*** Excerpted records ***

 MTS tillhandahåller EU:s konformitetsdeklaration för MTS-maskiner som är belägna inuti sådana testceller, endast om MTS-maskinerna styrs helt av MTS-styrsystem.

***
*** Excerpted records ***

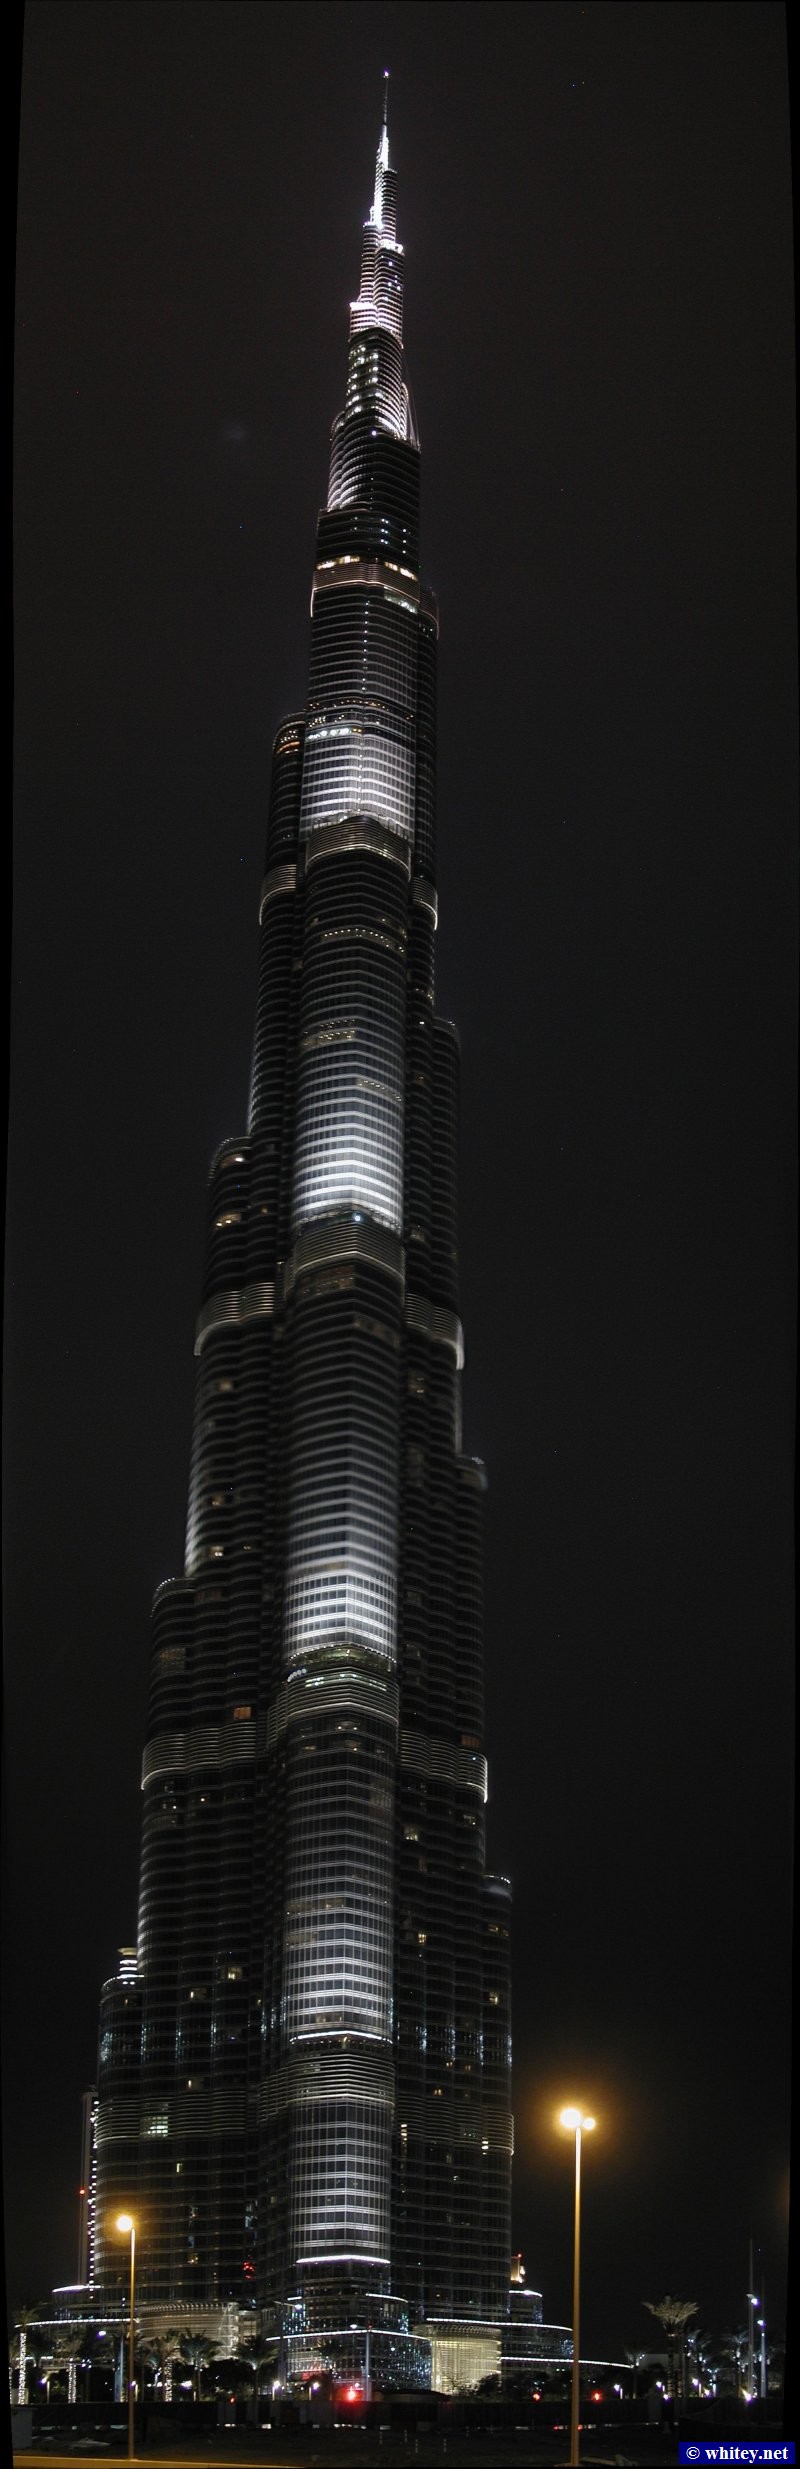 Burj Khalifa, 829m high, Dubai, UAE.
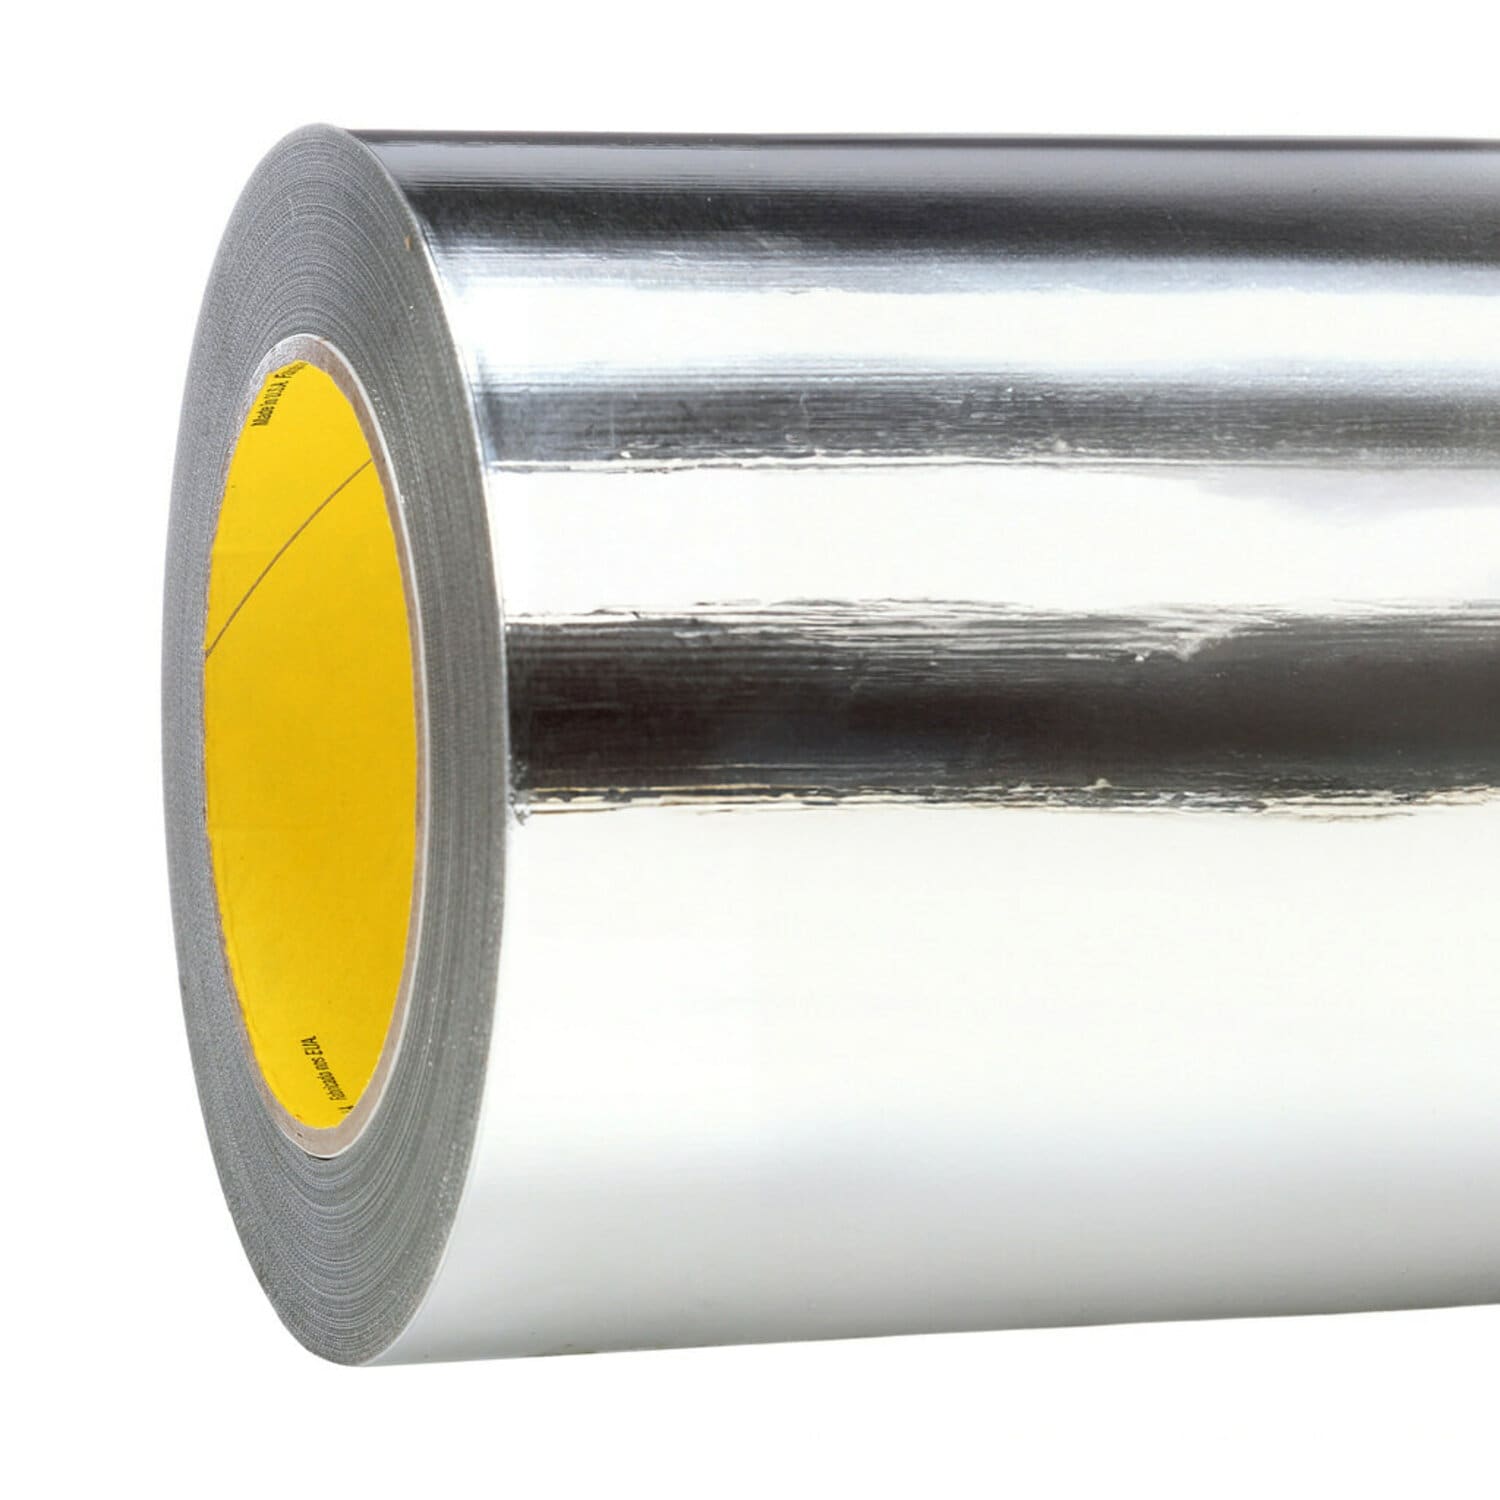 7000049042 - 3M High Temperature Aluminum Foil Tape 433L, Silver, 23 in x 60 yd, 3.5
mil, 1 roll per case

***

## Your task
All that should appear in the answer is the lines above from the line with "Burj Khalifa, 829m high, Dubai, UAE." through the line with "mil, 1 roll per case", retyped exactly, pictures left out.

## Solution for this task
 Burj Khalifa, 829m high, Dubai, UAE.
 7000049042 - 3M High Temperature Aluminum Foil Tape 433L, Silver, 23 in x 60 yd, 3.5
mil, 1 roll per case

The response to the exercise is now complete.